Task goal >> Omit the pictures and reproduce the rest of the listing exactly.
★ ★ ★ ★ ★ ★ ★
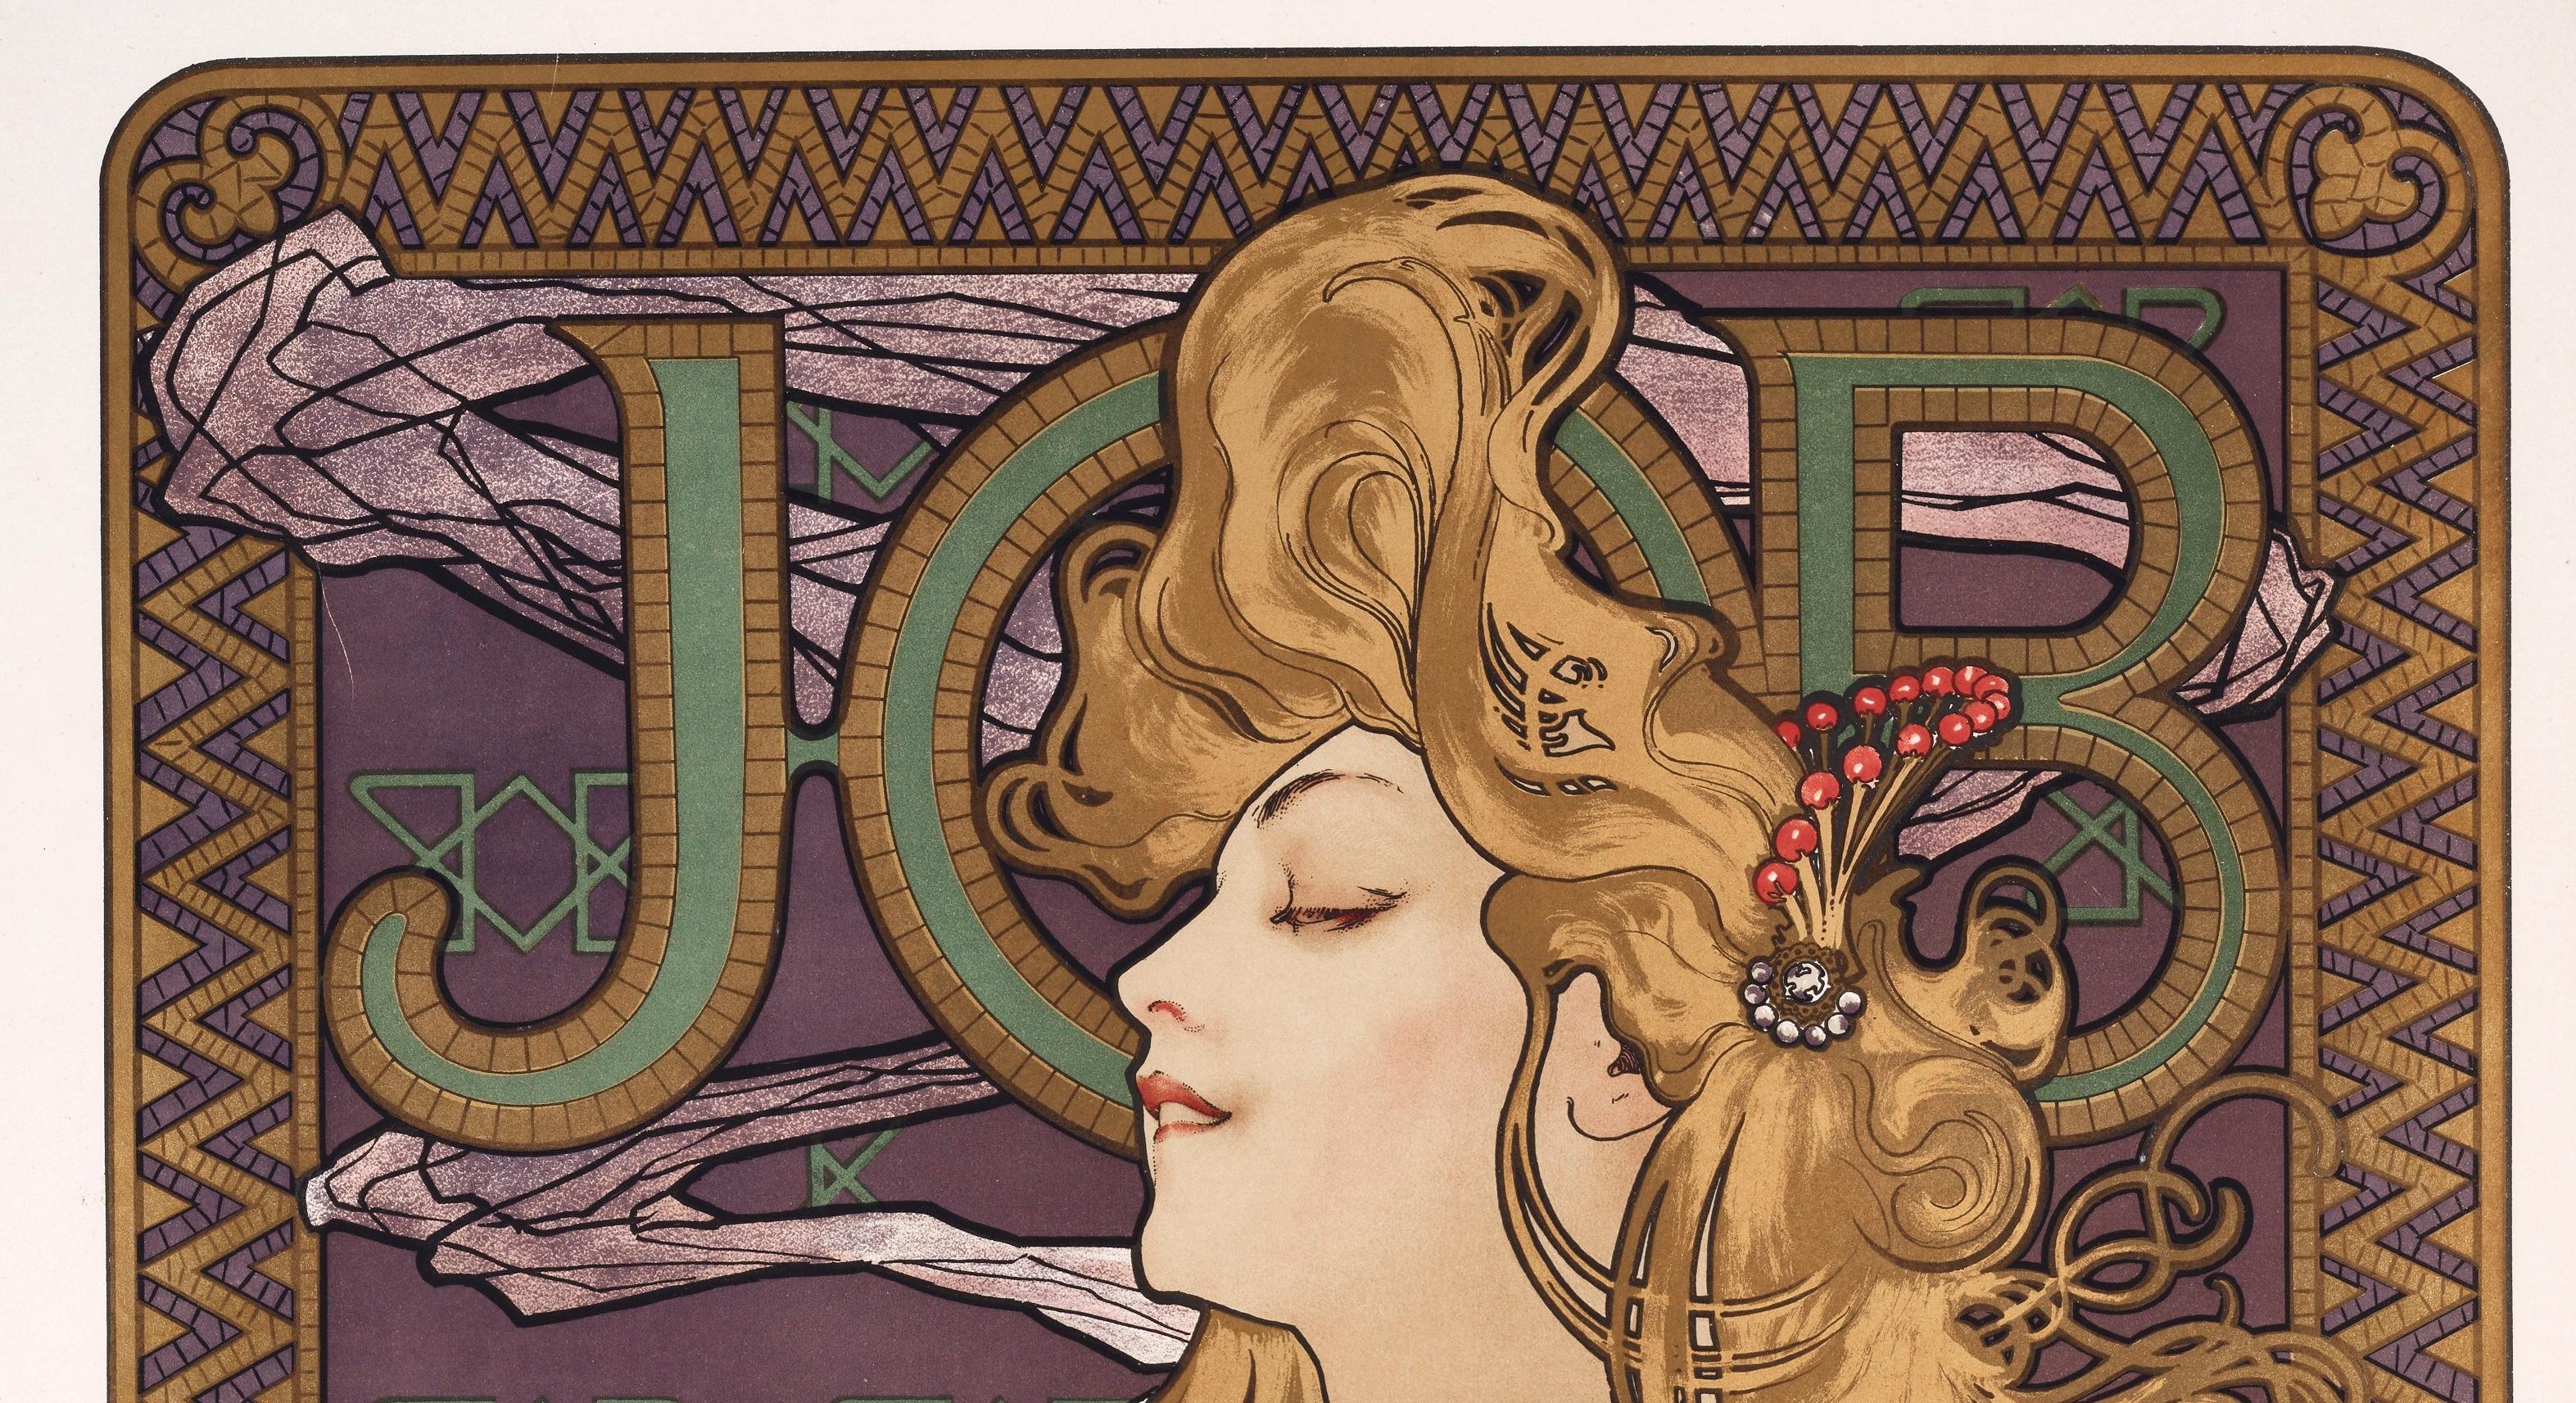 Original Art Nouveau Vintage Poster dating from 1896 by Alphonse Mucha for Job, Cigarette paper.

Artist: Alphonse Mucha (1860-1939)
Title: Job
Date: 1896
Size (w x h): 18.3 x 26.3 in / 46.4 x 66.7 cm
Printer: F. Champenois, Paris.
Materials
★ ★ ★ ★ ★ ★ ★
Reply >>
 Original Art Nouveau Vintage Poster dating from 1896 by Alphonse Mucha for Job, Cigarette paper.

Artist: Alphonse Mucha (1860-1939)
Title: Job
Date: 1896
Size (w x h): 18.3 x 26.3 in / 46.4 x 66.7 cm
Printer: F. Champenois, Paris.
Materials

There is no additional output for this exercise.